KR100557053B1 - Scroll compressor - Google Patents

Abstract

The present invention relates to a scroll compressor, which forms an oil groove at a predetermined position on the upper side of the main frame on which the Old Daming, the anti-rotation mechanism of the revolving scroll, among the components of the scroll compressor is seated, from the inside of the main frame through the rotation of the drive shaft.
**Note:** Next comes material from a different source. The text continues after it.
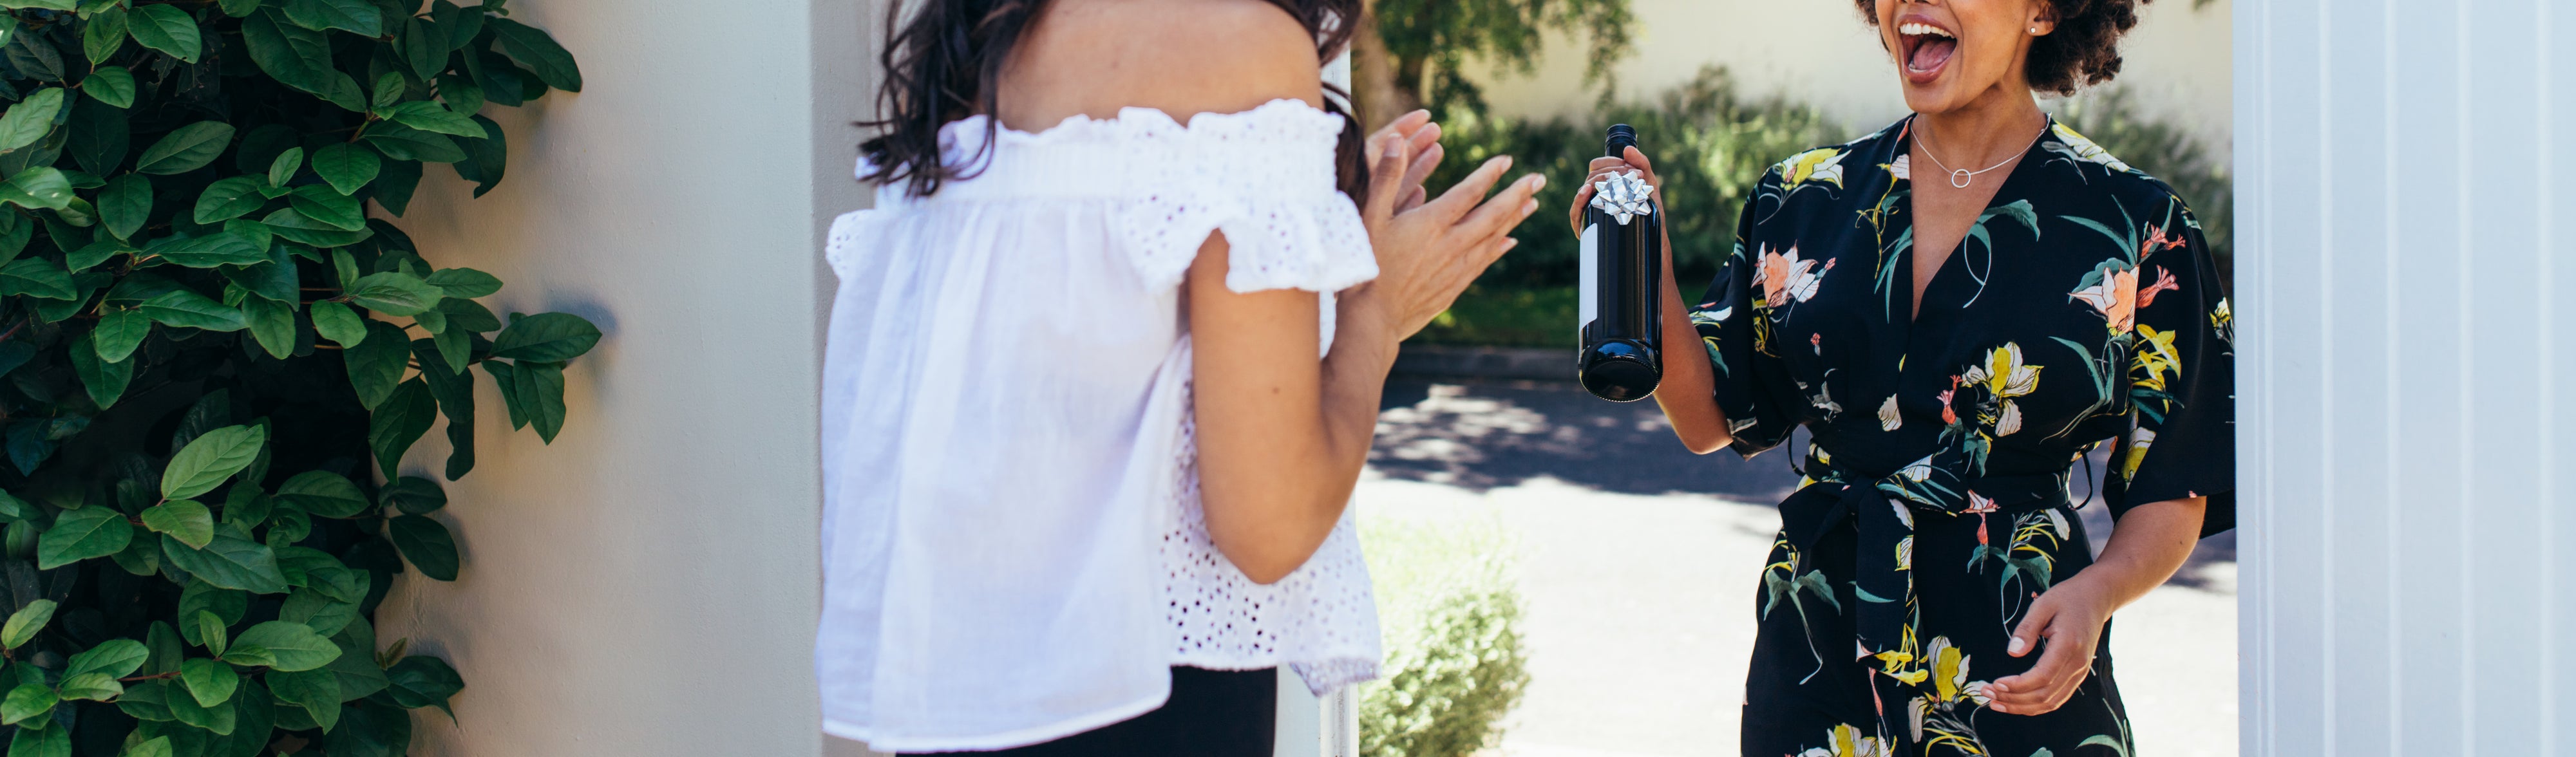 Woman giving a wine bottle her friends at entrance door

The oil supplied is confined in the oil groove formed at the top of the main frame to reduce the friction force between the old dam ring and the main frame during initial startup of the compressor, thereby preventing the old dam ring or the main frame from being worn, and the smooth compression action. It has an excellent effect of making it happen.
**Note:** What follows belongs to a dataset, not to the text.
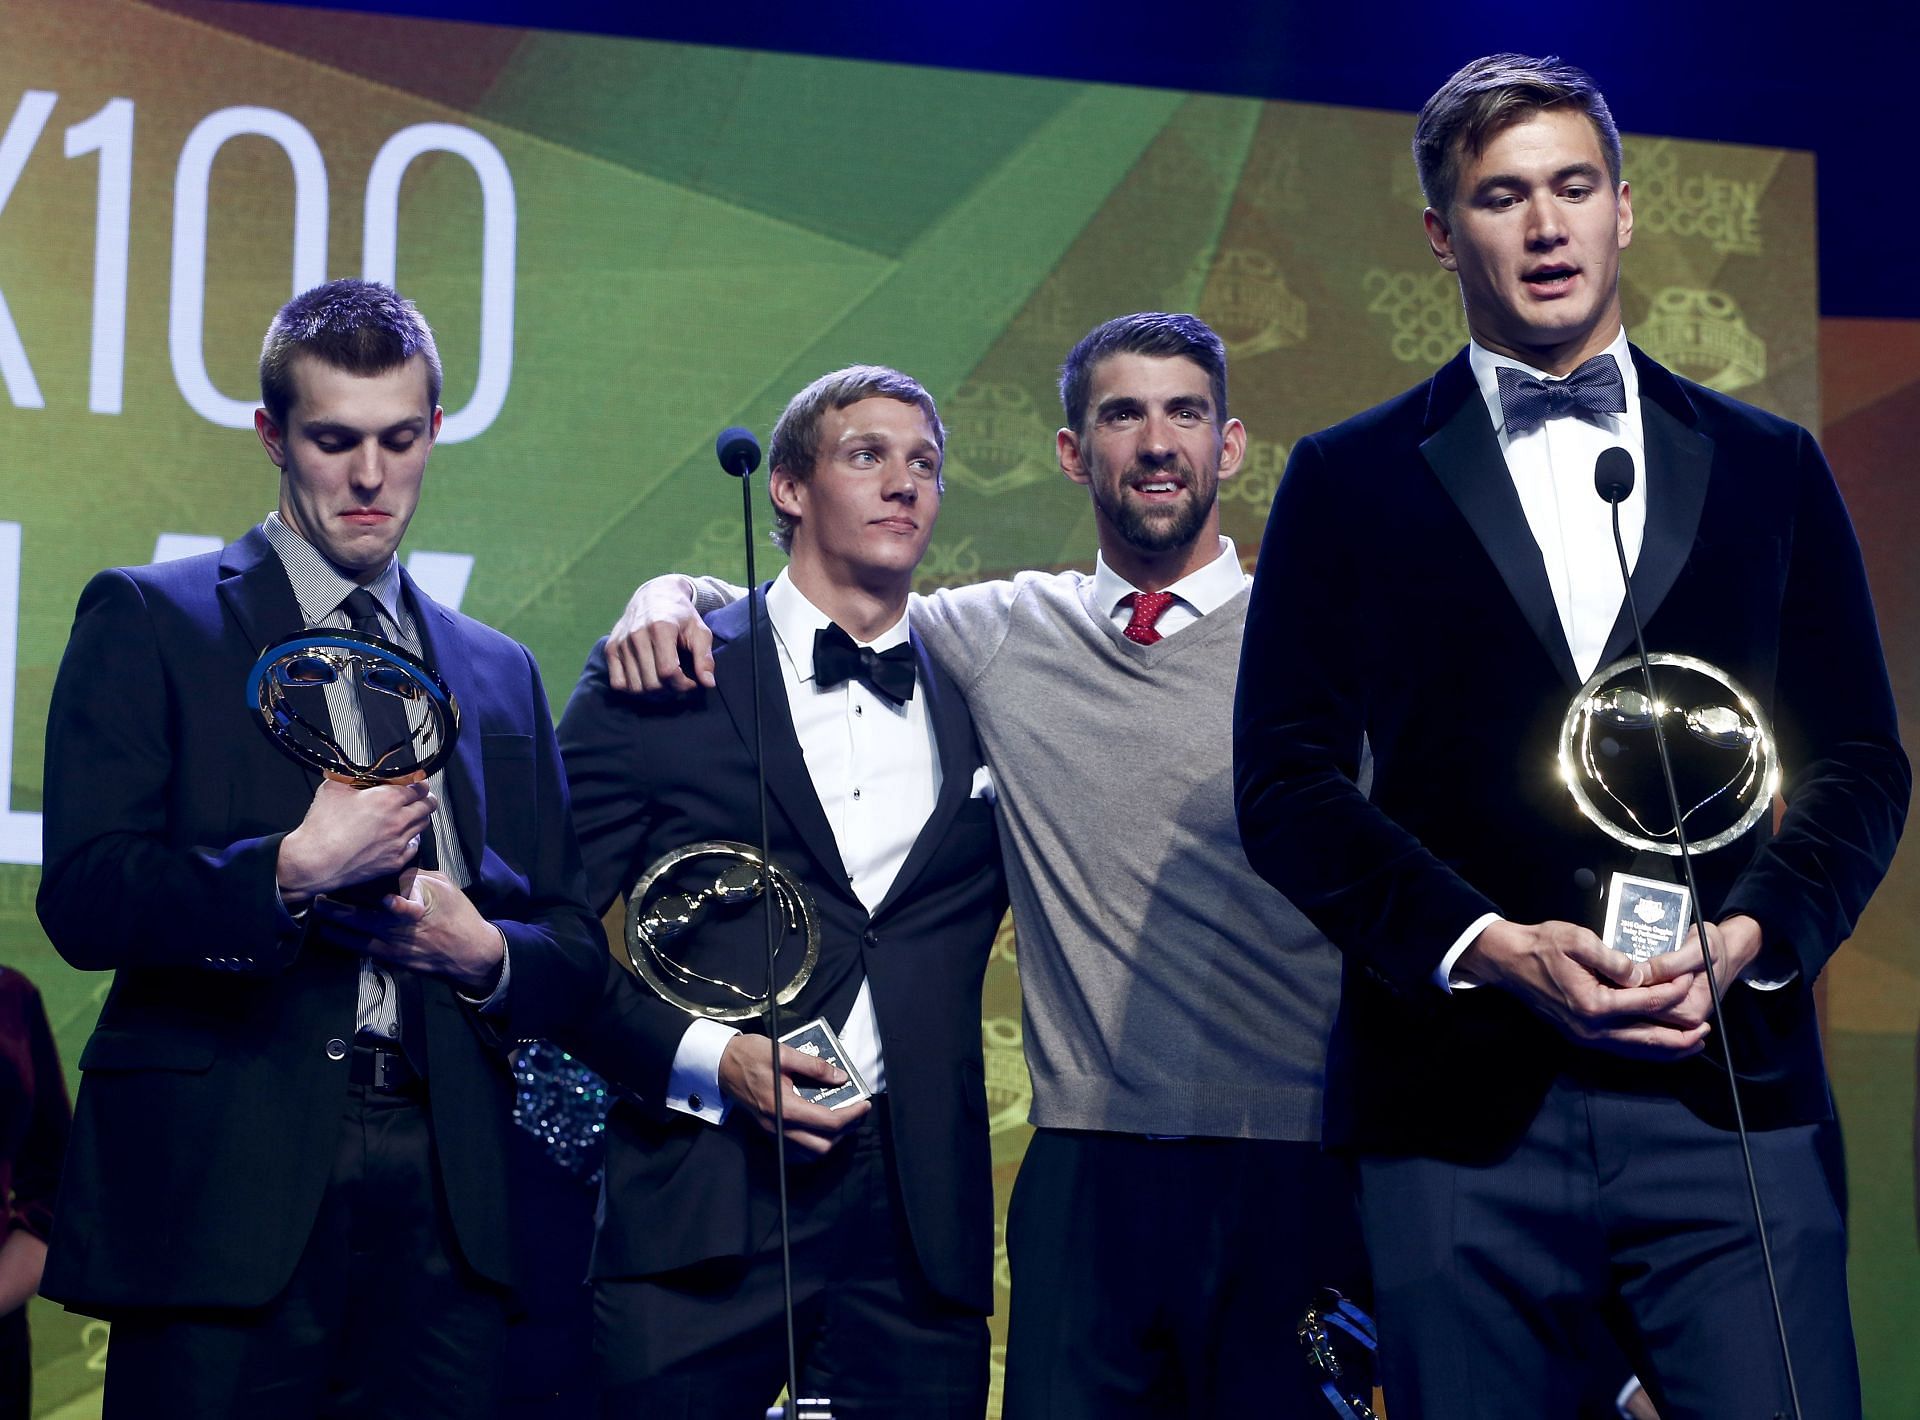 Dressel and Phelps with the USA relay team at the 2016 Golden Goggle Awards (Photo by Jeff Zelevansky/Getty Images)

In addition, there is also an excellent effect that can significantly reduce the abnormal noise and vibration of the compressor due to the frictional force between the old dam ring and the main frame.

Scroll compressor, main frame, oil groove, oil level

Description

Scroll compressor

1 is a cross-sectional view of a typical scroll compressor.

Figure 2 is a state diagram of the operation of the swinging scroll coupled to the swinging and fixed scroll of the components of the conventional scroll compressor.

3 is an exploded perspective view of a pivoting scroll and olddaming, the main frame of the components of a conventional scroll compressor.

Figure 4 is a perspective cross-sectional view showing an exploded state of the fixed scroll and swing scroll, Oldham ring, main frame according to the invention.

5 is a cross sectional view of a fixed scroll and swinging scroll, an Oldham ring, a main frame according to the present invention;

Explanation of symbols on the main parts of the drawings

1. Suction line 2. Drive motor

3. Drive shaft 3a. Drive shaft eccentric

5, 15. Main Frame 15a. Keyway

6, 16. Oldhamling 16a. Upper key

16b. Subkey 7. Swivel Scroll

7c. Keyway 8. Fixed Scroll

9. Outlet port 10. Check valve

11.Discharge chamber 12. Upper diaphragm

14. Discharge tube 15. Case

20. Oil groove

The present invention relates to a scroll compressor, and more particularly, oil is trapped at an upper end of a main frame on which an old dam ring, which is an anti-rotation mechanism of a revolving scroll, of the components of the scroll compressor is mounted. The present invention relates to a scroll compressor in which an oil groove is formed at a predetermined position on an upper end of the main frame so as to reduce frictional force of the liver and thereby reduce noise and vibration of the compressor.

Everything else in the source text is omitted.